Co-production of a new ICB operating model for Surrey Heartlands

30th July 2022

In anticipation of transition to a statutory Integrated Care Board, Surrey Heartlands ICS Executive commissioned a partnership of the TU and Prospect Business Consulting to support co-production of a new ICB operating model.

Our innovative approach sought to align a programme of executive leadership and organisational development alongside the co-production of the new operating model. Wide-scale, cross-sector stakeholder involvement ensured local ownership and strong progress in building and evolving working relationships between system partners. Embedding an operating model toolkit has enabled self-sufficiency within the system to continue to evolve and expand the operating model development.

The Challenge

As a relatively mature ICS, Surrey Heartlands had made excellent progress in advancing their Places and working collaboratively. However, they recognised the need to further mature their thinking around how best to apply the principle of subsidiarity so that they could empower their four Places to design and deliver care that best meets the needs of their population. They also wanted to maximise opportunities to work at scale, where appropriate, to enable them to tackle health inequalities, create a sustainable and resilient health and care system and drive digital integration.

With no ICS having yet transitioned or having developed their operating model there was no precedent or blueprint to follow. This work was also set against a backdrop of a CCG staff restructure, surge of the omicron COVID-19 variant as well as the need to keep pace with emerging legislation, policy and guidance.

Our Approach

Recognising that we were working within an innovation space, the agreed approach sought to employ tried and tested methods for developing an operating model from the worlds of manufacturing and business. The approach was tailored in accordance with the ICS design guidance. The work programme comprised:

  1. an initial phase of executive leadership team development, building the standardised methodology, agreeing design principles, determining staff development needs and creating an OM development toolkit (including tools for future state mapping, capability mapping and a subsidiarity framework).
  2. a development phase where leads for each of the functions were supported to engage stakeholders, deliver co-design workshops and to use the OM development toolkit in a standardised way. The operating model for each function was documented into a standardised template.
  3. a convergence phase where interdependencies between the operating models for each function were mapped, a whole ICB operating model was assembled and an initial implementation plan was developed.

The Outcome

Fifteen functional workstreams were supported to work collaboratively with a broad range of stakeholders from across the system to produce their individual operating models. Interdependencies were subsequently mapped and the whole ICB operating model assembled.

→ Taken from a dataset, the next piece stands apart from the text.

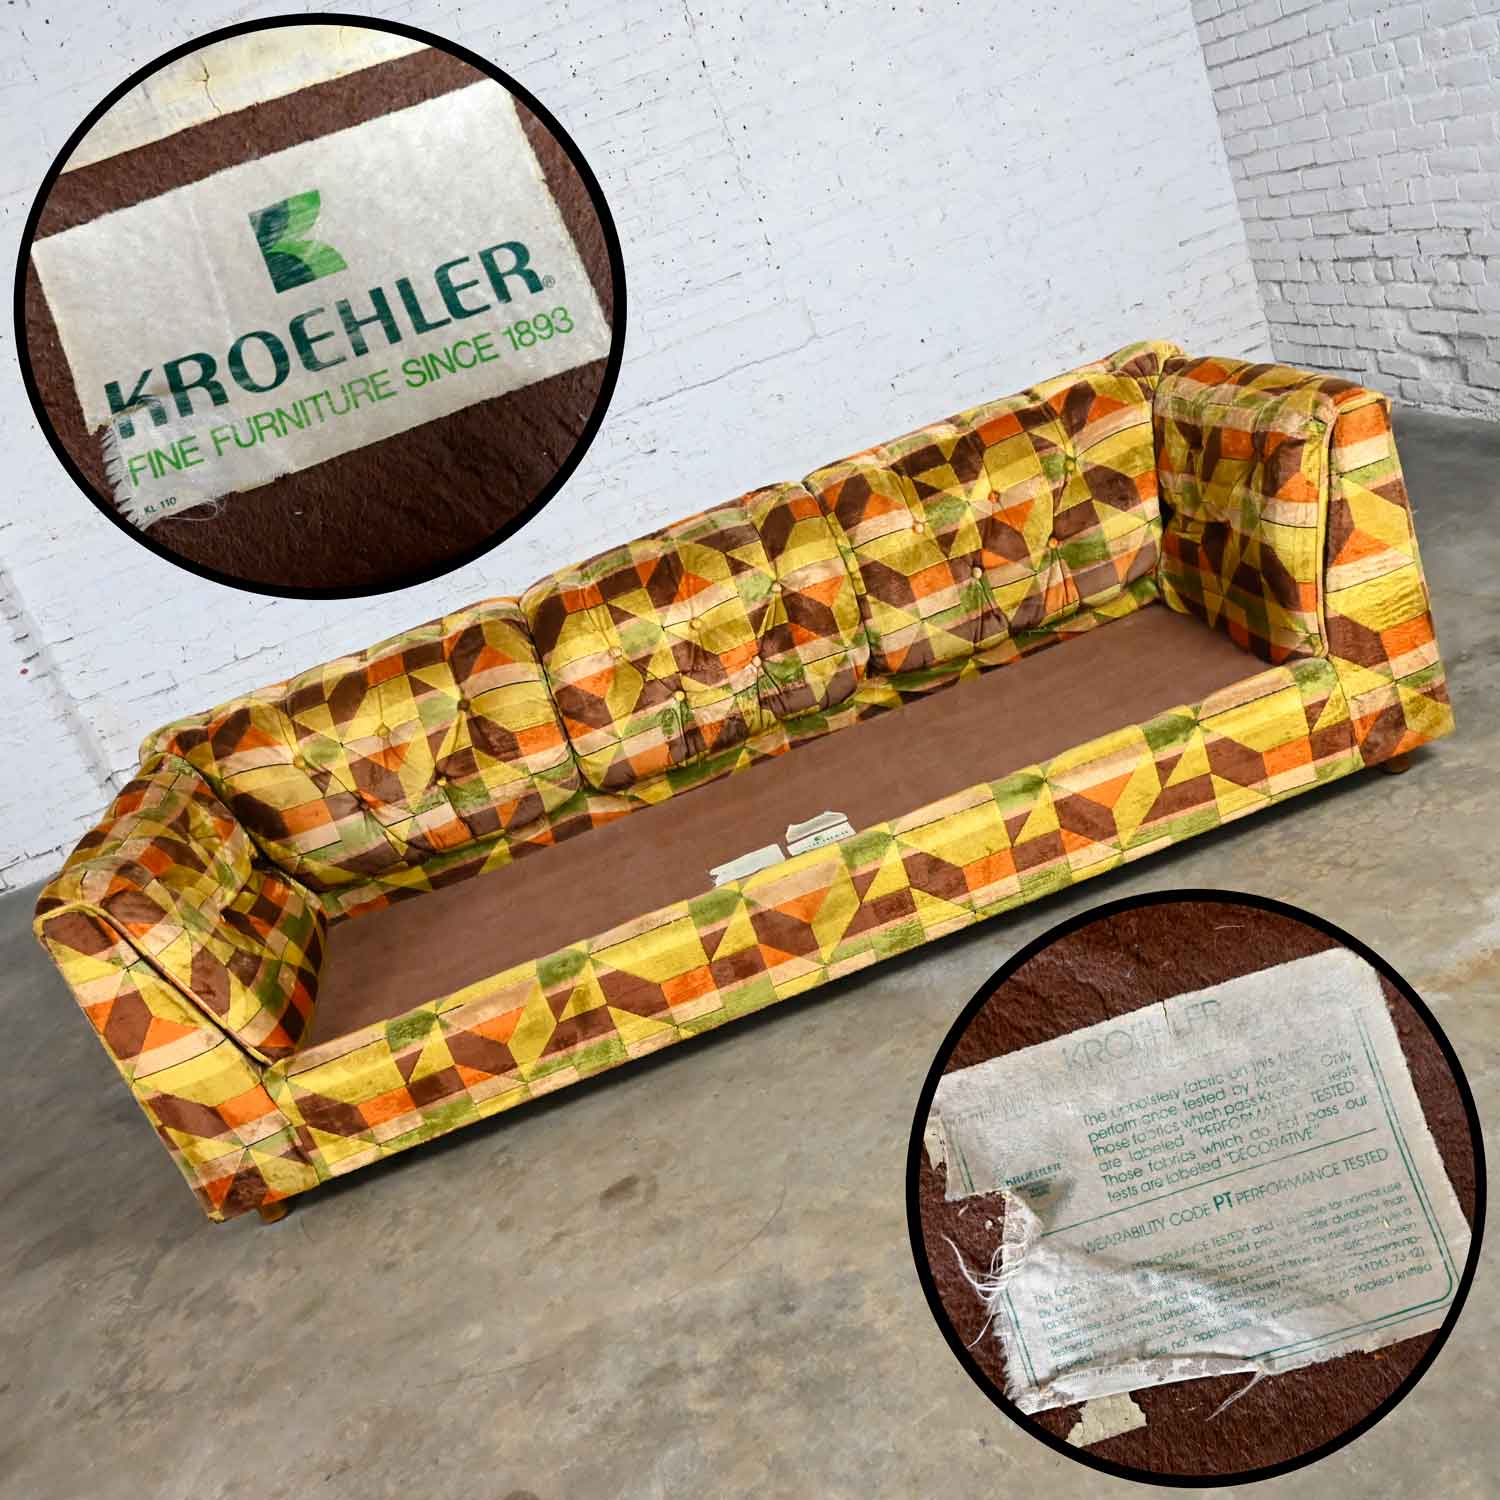 Vintage Modern Kroehler Multi Color Geometric Pattern Tufted Tuxedo Style Sofa

Functions included in the operating model are: Clinical Leadership, Commissioning & Contracting, Communications & Engagement, Digital, Data & Technology, Facilities & Estates, Financial Recovery, Governance & Assurance, Information Governance, Multi-professional Leadership, People & Culture, Place-making, Provider Collaboration, Quality, Strategy & Transformation, System Resilience (System Coordination Centre).

The resulting operating model was designed so that:

  • Places, Neighbourhoods and Collaboratives are empowered to: understand and prioritise their local population health needs; design and deliver services and the wider offer to meet population health needs; innovate and improve services; build partnerships across their local communities; work together where there is need to work at scale or for one Place to lead on behalf of the others
  • The principle of subsidiarity is fully embedded, but work is undertaken at system scale where this provides benefits or best enables leaders to create capacity or manage risk/dependencies.
  • The success of the system is dependent upon all of its component parts – all of the partners, providers, Places, neighbourhoods, collaboratives and communities matter and will be key to realising their ambitions

Implementation of the operating model has now transitioned into ‘business as usual’ arrangements for each of the functions. The operating model is expected to evolve as additional ICB duties are delegated, further policy and guidance emerges and their strategy and priorities develop. Future developments may also expand to include the Integrated Care Partnership functions.

“Our new operating model is an important development that will enable Surrey Heartlands to bridge CCG-to-ICB transition and shift to a more transformative state, helping us to realise our ambitions of working collaboratively with all our system partners.

It was vital that the work was co-produced with system partners and led by teams working in the functions concerned; ensuring implementation of the resulting model is owned by staff and has partner buy-in. The development process in itself has accelerated the building of relationships and new ways of working across system partners.

The resulting operating model is of exceptional detail, covers a diverse set of functions and provides the blueprint for how we will operate in the new world. 

The support provided by Prospect and NHS Transformation Unit was key to challenging our thinking, brokering conversations, and supporting our teams to follow a well-structured process.”